Despite the active antagonism with the authorities, while Ivan had no problems with them. Senator Bob Menendez from New Jersey has permanently closed his Twitter account, but so far, from the point of view of law enforcement and government, everything has been quiet.

Ivan considers himself and other radical groups involved in the printing of weapons, for example, FOSSCAD, hobby lovers who wanted to create something “wrong”. He believes that the problems with 3D printing of weapons are overblown. He points out that although printed spare parts for weapons can be used to kill people, self-made weapons have always existed and are probably more lethal. From his point of view, all this hysteria and negative reaction are directed to the wrong address.

“Believe me, as the person who printed the weapon. Making a semi-automatic shotgun 100 times easier, faster and cheaper than typing a regular gun. I can go to Home Depot and buy a shotgun for $ 8. "

In 2019, 156 people have already died in mass executions in the United States, and in principle, the number of deaths associated with weapons has a 20-year maximum . In March, a terrorist armed with two semi-automatic rifles and two shotguns killed 51 Muslims in Christchurch (New Zealand). Does the United States (and the rest of the world) need more weapons in such circumstances — self-made, printed, or otherwise? Ivan thinks so.

“The police killed more people last year than were killed in all mass executions in the past 10 years,” he says. - We in America live in a society where there is always a risk that a policeman will kill your ass for nothing. And for this you don’t even have to pose a threat to it. A policeman can kill you, simply because he wants it, and he will get away with it. ”

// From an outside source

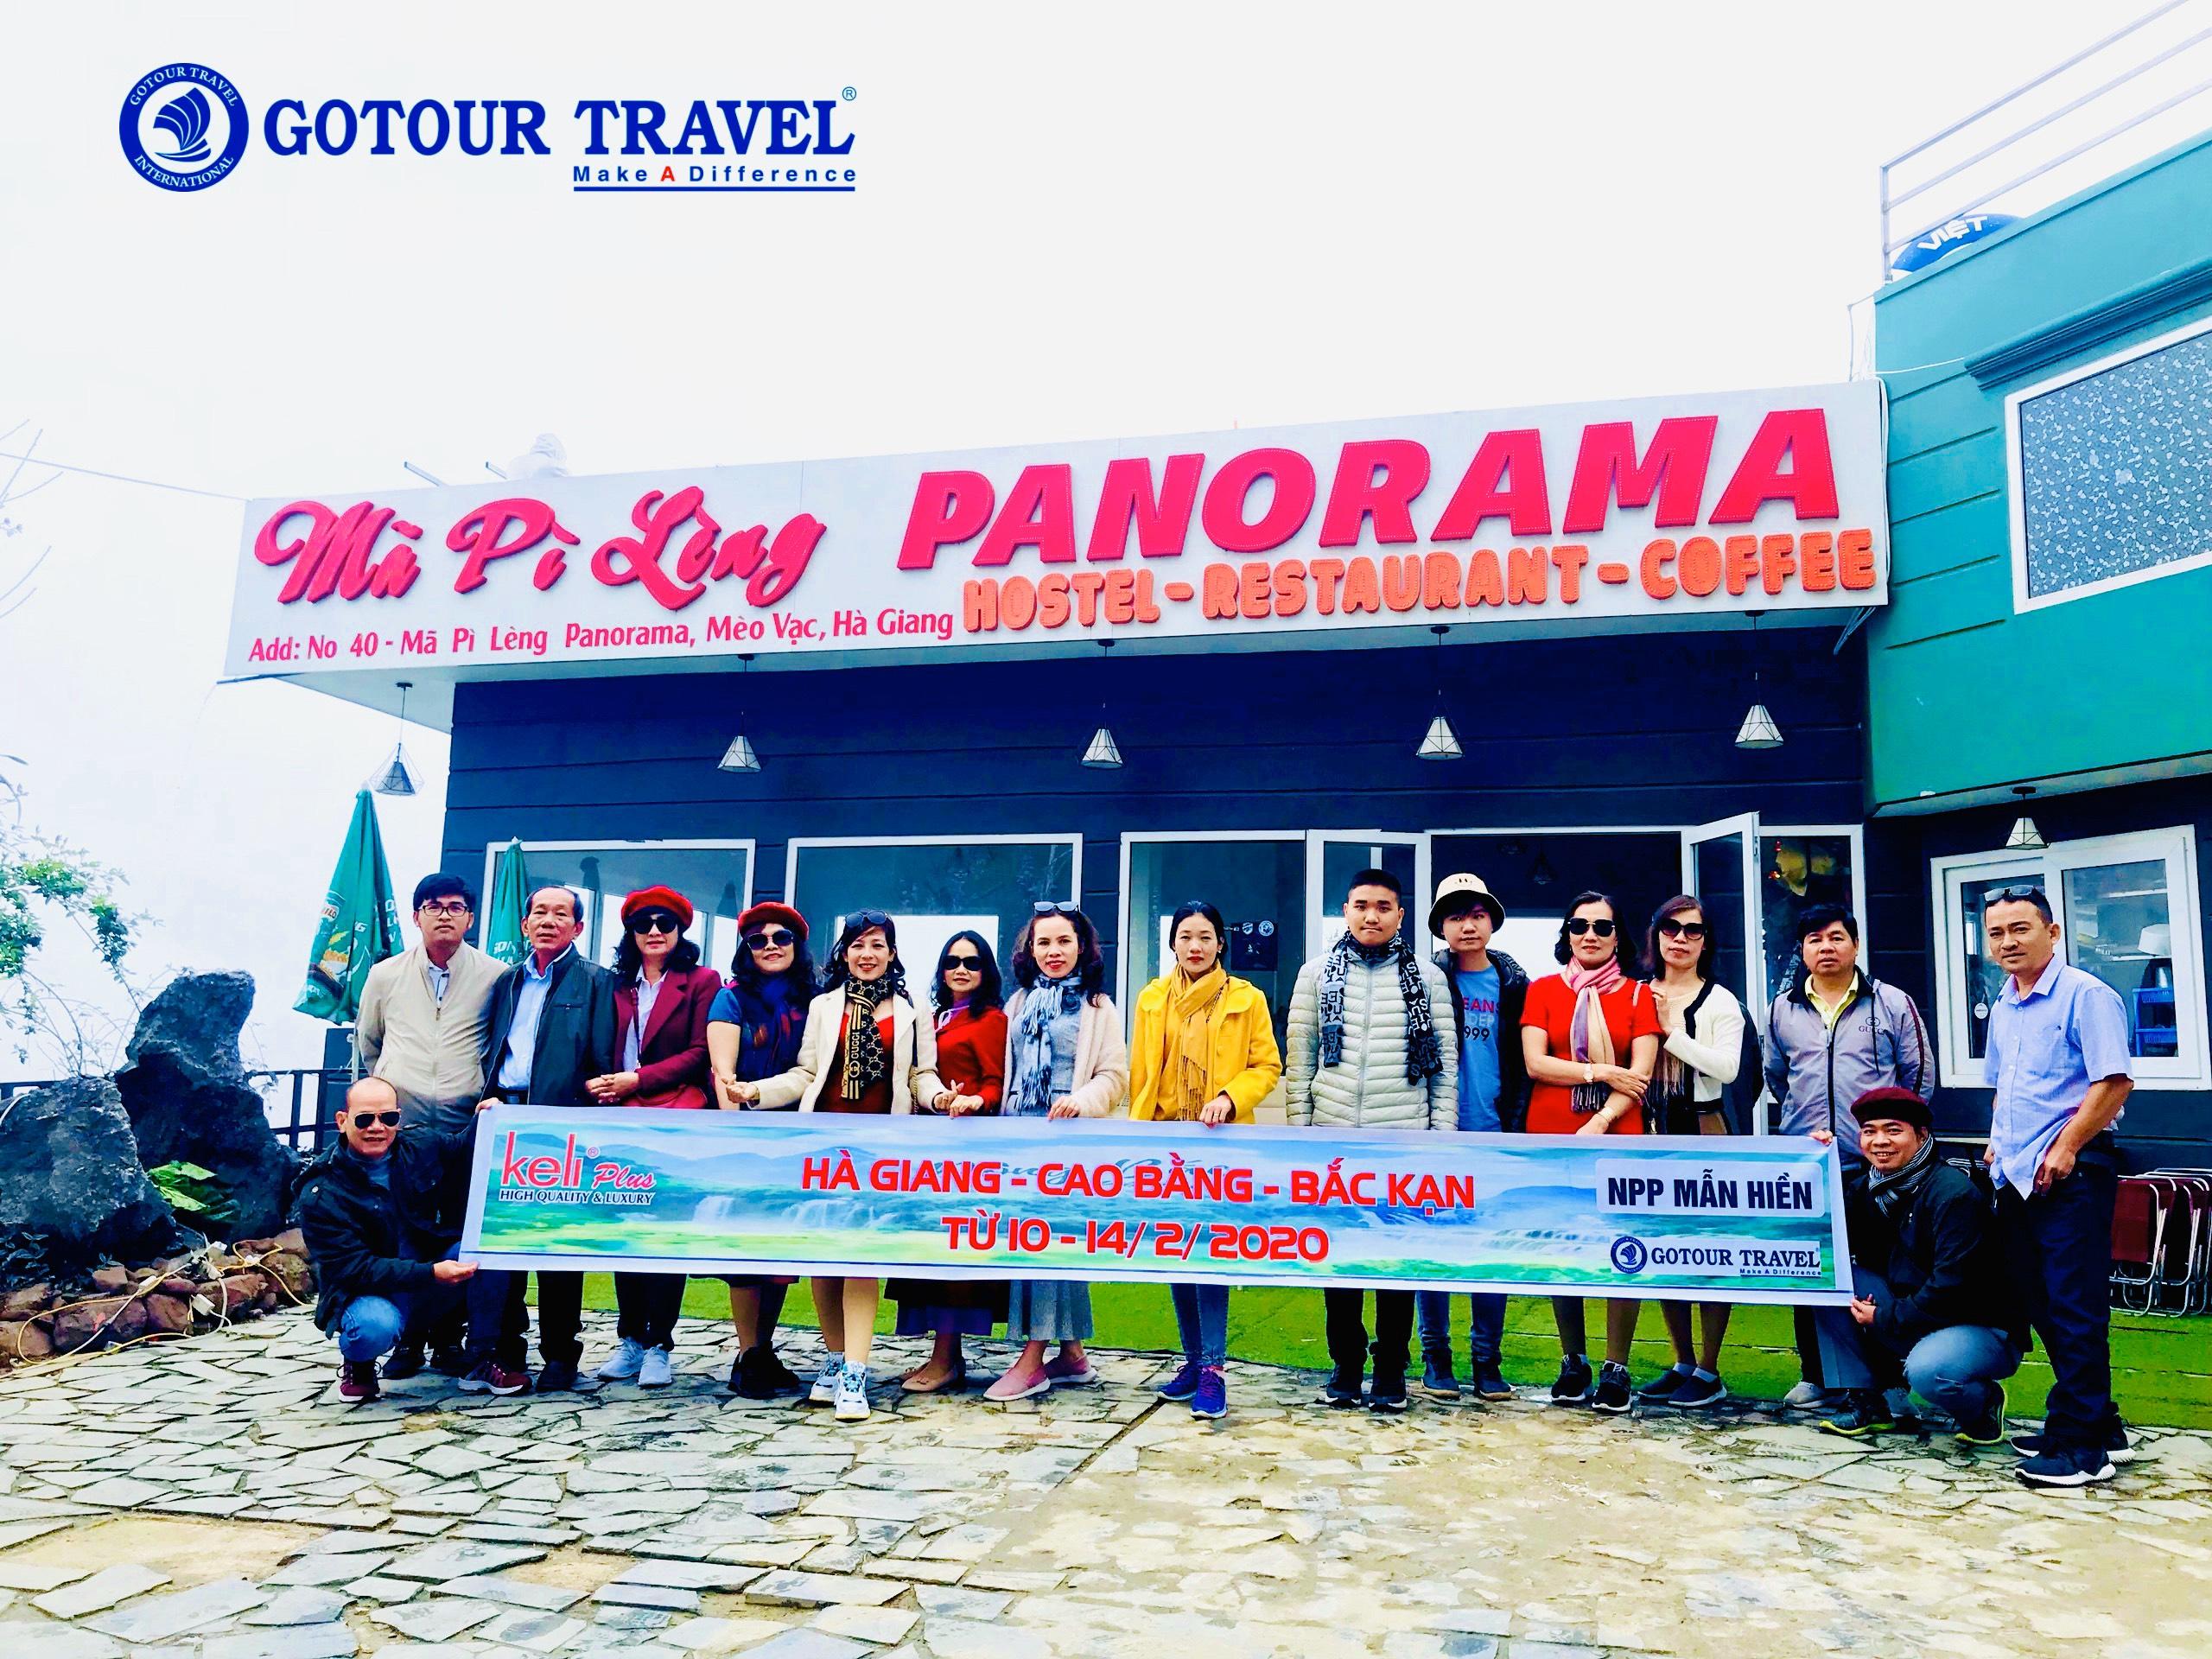 Tour Gia Lai – Hà Giang – Cao Bằng – Bắc Kạn

He cited many examples of police shooting at unarmed black Americans, highlighting Stifon Clark. Clark, 22, was shot by the police in his own garden when he had only a mobile phone in his hand. “I think it’s extremely important that everyone has the opportunity to have a gun,” continued Ivan. “Everyone should have the same legal opportunities as the cops who use them to control you.”

However, the facts are indisputable. Slightly more than half of deaths from firearms occur in six countries , incl. in USA. And the analysis of Harvard University demonstrates that the more weapons there are somewhere, the more murders occur there.

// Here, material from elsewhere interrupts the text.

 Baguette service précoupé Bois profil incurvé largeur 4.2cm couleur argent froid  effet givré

Opponents of weapons, of course, do not like the concept of a downloadable pistol. Avery Gardiner, one of the presidents of the Brady Campaign, said that the weapon printed on a 3D printer "represents a very serious threat to our security." After the court’s decision in August, Gardiner said: “There is already a wave of dangerous individuals trying to illegally post drawings on the Internet.”

Members of this decentralized society printing weapons on a 3D printer are often motivated by a mixture of libertarian views and the pleasure of developing and creating real objects in a hobby. They upload drawings to the Internet, share them, improve the diagrams and facilitate the printing process, while remaining out of sight. Ivan declares that he is doing this out of love for freedom and radical adherence to the first two amendments to the US Constitution: freedom of speech and freedom to bear arms.

However, his radicalism comes to the point that he talks about the right to have his own Tomahawk class missiles , saying that he would be safer in his hands than in the hands of the US Army and its allies - given the history of the accidental destruction of civilians by the military, including the wedding in Afghanistan and a school bus in Yemen.

Describing an ever-increasing list of civilians who died at the hands of the American military in foreign wars, Ivan often becomes more like a radical left-wing weapon than a right-wing fan that many consider him to be. However, he refuses any particular ideology, saying: "I am special and unique in myself."

So far, Troll Ivan, Deterrence Dispensed and thousands of 3D enthusiasts for weapons printing, united by a worldwide network, have released a genie from a bottle. Unable to stop anonymous file sharing for 3D printing of weapons. Whether they hide behind the freedom in the process of this, or not, one thing is clear: it is too late to stop them.